Picture of the Week: Red by Sandra Osip

April 8, 2023

Red, Sandra Osip, wood, paint and tar 2020, 32 x 23 x 8 in.

Sandra Osip is a notable Michigan-born artist. She earned her BS from Wayne State University and her MFA from Cranbrook Academy of Art. Her work has been featured in numerous group and solo exhibitions, including Confluent: Detroit Art and the University Art Collection at the Elaine L. Jacob Gallery at Wayne State in 2022, a solo show at Five Myles Gallery in Brooklyn, New York, in 2015, the Contemporary Sculpture Show at the Chesterwood Museum in Stockbridge, MA in 2005, and the solo show “Part to Part” at the Hill Gallery in Birmingham, MI in 1987, among many more solo and group exhibitions. Osip’s artwork is part of the Karen and Robert Duncan Collection, the Detroit Institute of Arts, Ray-O-Vac Collection, Cranbrook Academy of Art in Bloomfield Hills, MI, and 1st National Bank of Chicago in Chicago, IL. 

In 1990, Osip moved to New York, where her work was displayed in Tiffany Windows on 5th Avenue and 57th Street “and received a prestigious New York Foundation of Arts Award." She also spent some time in Peterborough, New Hampshire, where she had the MacDowell Colony residency in 1992. Osip returned to Detroit in 2019, where she currently has a studio at the Russell Industrial Center. In addition to the New York Foundation of Arts Award in 1993 and the MacDowell Colony residency 1992, Osip was also the recipient of Artist Fellowships at the Michigan Council of the Arts in 1989 and 1986, 1st place from MCA at the Michigan Sculpture II Show at Southfield Civic Center, 1st place at the Woodend Sculpture Show in Chevy Chase, MD, 2nd place at “Art Quest” in Los Angeles, CA, and a Gold Medal at “International Art Competition” in Los Angeles, CA.  

Osip’s work is meant to reflect the current state of the world we live in.
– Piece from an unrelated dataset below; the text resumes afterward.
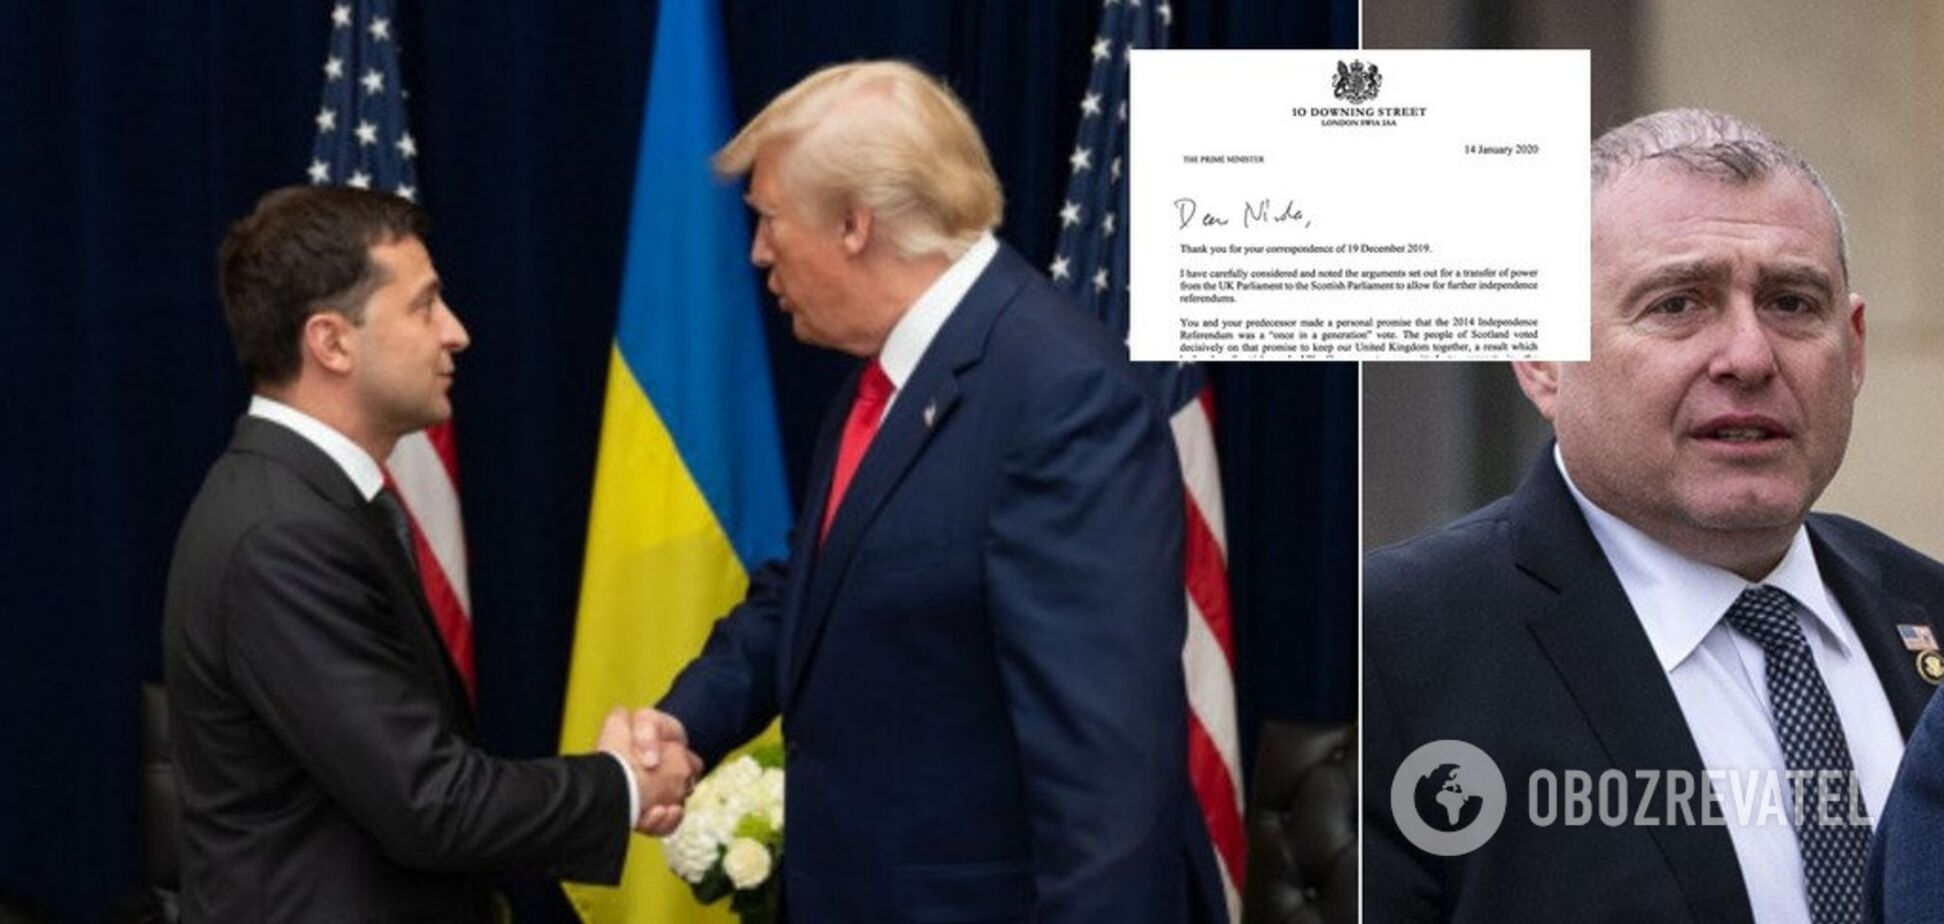 'Заставь Зеленского!' В США обнародовали новый компромат на Трампа: документы

Using a diverse array of materials, she meditates on the present “uncertainty, if not downright chaos of these times.” Osip believes this state of chaos is “the result of the great inequities that exist in our society.” Through her sculptural works, and eclectic use of materials within them, Osip seeks to visually communicate “the consequences of these inequities and the resulting turmoil.” The turmoil she reflects on includes the ruins caused by natural disasters such as “mudslides, fires, floods and tornadoes due to global warming.” Osip specifies that “the driving impetus and inspiration” for her work is “the deep loss caused by global warming.” Additionally, she shares that over the past thirty years, “cycles of life and death” have been recurring themes in her sculptures. 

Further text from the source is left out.